Re: [PATCH 2/7] fuse: flush pending fuse events before aborting the connection

"Darrick J. Wong" <djwong@xxxxxxxxxx> · Thu, 24 Jul 2025 15:34:54 -0700

On Wed, Jul 23, 2025 at 01:27:44PM -0700, Joanne Koong wrote:
> On Wed, Jul 23, 2025 at 10:06 AM Darrick J. Wong <djwong@xxxxxxxxxx> wrote:
> >
> > On Mon, Jul 21, 2025 at 01:05:02PM -0700, Joanne Koong wrote:
> > > On Sat, Jul 19, 2025 at 12:18 AM Amir Goldstein <amir73il@xxxxxxxxx> wrote:
> > > >
> > > > On Sat, Jul 19, 2025 at 12:23 AM Joanne Koong <joannelkoong@xxxxxxxxx> wrote:
> > > > >
> > > > > On Thu, Jul 17, 2025 at 4:26 PM Darrick J. Wong <djwong@xxxxxxxxxx> wrote:
> > > > > >
> > > > > > From: Darrick J. Wong <djwong@xxxxxxxxxx>
> > > > > >
> > > > > > generic/488 fails with fuse2fs in the following fashion:
> > > > > >
> > > > > > Unfortunately, the 488.full file shows that there are a lot of hidden
> > > > > > files left over in the filesystem, with incorrect link counts.  Tracing
> > > > > > fuse_request_* shows that there are a large number of FUSE_RELEASE
> > > > > > commands that are queued up on behalf of the unlinked files at the time
> > > > > > that fuse_conn_destroy calls fuse_abort_conn.  Had the connection not
> > > > > > aborted, the fuse server would have responded to the RELEASE commands by
> > > > > > removing the hidden files; instead they stick around.
> > > > >
> > > > > Tbh it's still weird to me that FUSE_RELEASE is asynchronous instead
> > > > > of synchronous. For example for fuse servers that cache their data and
> > > > > only write the buffer out to some remote filesystem when the file gets
> > > > > closed, it seems useful for them to (like nfs) be able to return an
> > > > > error to the client for close() if there's a failure committing that
> > > > > data; that also has clearer API semantics imo, eg users are guaranteed
> > > > > that when close() returns, all the processing/cleanup for that file
> > > > > has been completed.  Async FUSE_RELEASE also seems kind of racy, eg if
> > > > > the server holds local locks that get released in FUSE_RELEASE, if a
> > > > > subsequent FUSE_OPEN happens before FUSE_RELEASE then depends on
> > > > > grabbing that lock, then we end up deadlocked if the server is
> > > > > single-threaded.
> > > > >
> > > >
> > > > There is a very good reason for keeping FUSE_FLUSH and FUSE_RELEASE
> > > > (as well as those vfs ops) separate.
> > >
> > > Oh interesting, I didn't realize FUSE_FLUSH gets also sent on the
> > > release path.
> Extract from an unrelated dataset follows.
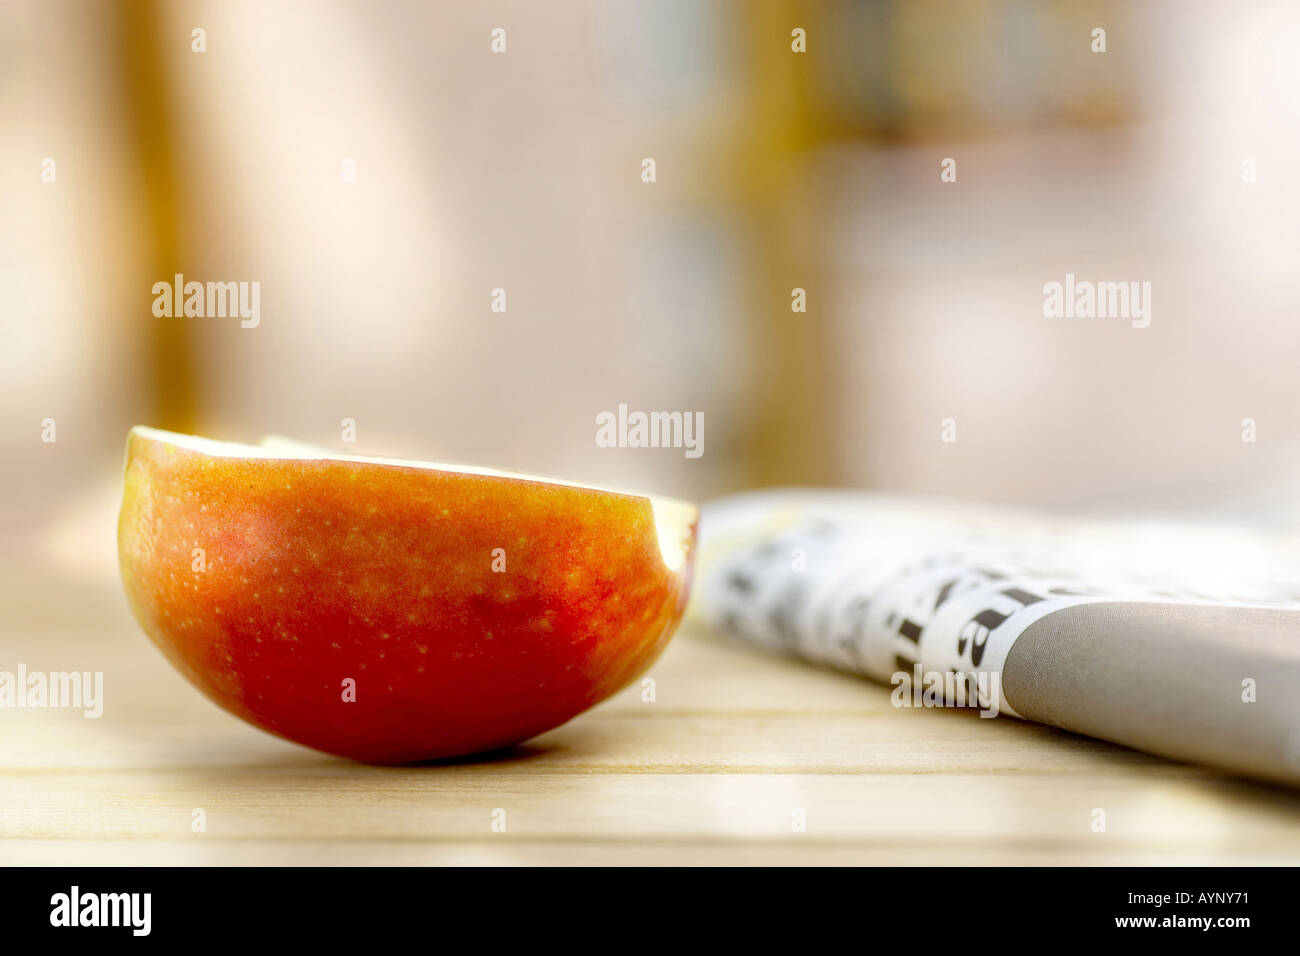 Halbierter Apfel als Zwischenmahlzeit Stock Photo

I had assumed FUSE_FLUSH was for the sync()/fsync()
> >
> > (That's FUSE_FSYNC)
> >
> > > case. But I see now that you're right, close() makes a call to
> > > filp_flush() in the vfs layer. (and I now see there's FUSE_FSYNC for
> > > the fsync() case)
> >
> > Yeah, flush-on-close (FUSE_FLUSH) is generally a good idea for
> > "unreliable" filesystems -- either because they're remote, or because
> > the local storage they're on could get yanked at any time.  It's slow,
> > but it papers over a lot of bugs and "bad" usage.
> >
> > > > A filesystem can decide if it needs synchronous close() (not release).
> > > > And with FOPEN_NOFLUSH, the filesystem can decide that per open file,
> > > > (unless it conflicts with a config like writeback cache).
> > > >
> > > > I have a filesystem which can do very slow io and some clients
> > > > can get stuck doing open;fstat;close if close is always synchronous.
> > > > I actually found the libfuse feature of async flush (FUSE_RELEASE_FLUSH)
> > > > quite useful for my filesystem, so I carry a kernel patch to support it.
> > > >
> > > > The issue of racing that you mentioned sounds odd.
> > > > First of all, who runs a single threaded fuse server?
> > > > Second, what does it matter if release is sync or async,
> > > > FUSE_RELEASE will not be triggered by the same
> > > > task calling FUSE_OPEN, so if there is a deadlock, it will happen
> > > > with sync release as well.
> > >
> > > If the server is single-threaded, I think the FUSE_RELEASE would have
> > > to happen on the same task as FUSE_OPEN, so if the release is
> > > synchronous, this would avoid the deadlock because that guarantees the
> > > FUSE_RELEASE happens before the next FUSE_OPEN.
> >
> > On a single-threaded server(!) I would hope that the release would be
> > issued to the fuse server before the open.  (I'm not sure I understand
> 
> I don't think this is 100% guaranteed if fuse sends the release
> request asynchronously rather than synchronously (eg the request gets
> stalled on the bg queue if active_background >= max_background)

Humm, that /is/ weird one.  I guess there's nothing to prevent an OPEN
from racing with a RELEASE, since those two operations concern
themselves with *files*.  I suppose that means that if a fuse server
wants to hold a lock across fuse commands, then it had better be really
careful about that.

> > where this part of the thread went, because why would that happen?  And
> > why would the fuse server hold a lock across requests?)
> 
> The fuse server holding a lock across requests example was a contrived
> one to illustrate that an async release could be racy if a fuse server
> implementation has the (standard?) expectation that release and opens
> are always received in order.

<nod> I think it's quite common, since each open() call in userspace
creates a new struct file, even though they all point to the same inode.
That might be why you can't normally open-and-lock a resource.  opens
shouldn't stall indefinitely...(?)

--D

> >
> > > However now that you pointed out FUSE_FLUSH gets sent on the release
> > > path, that addresses my worry about async FUSE_RELEASE returning
> > > before the server has gotten a chance to write out their local buffer
> > > cache.
> >
> > <nod>
> >
> > --D
> >
> > > Thanks,
> > > Joanne
> > > >
> > > > Thanks,
> > > > Amir.
> > >
>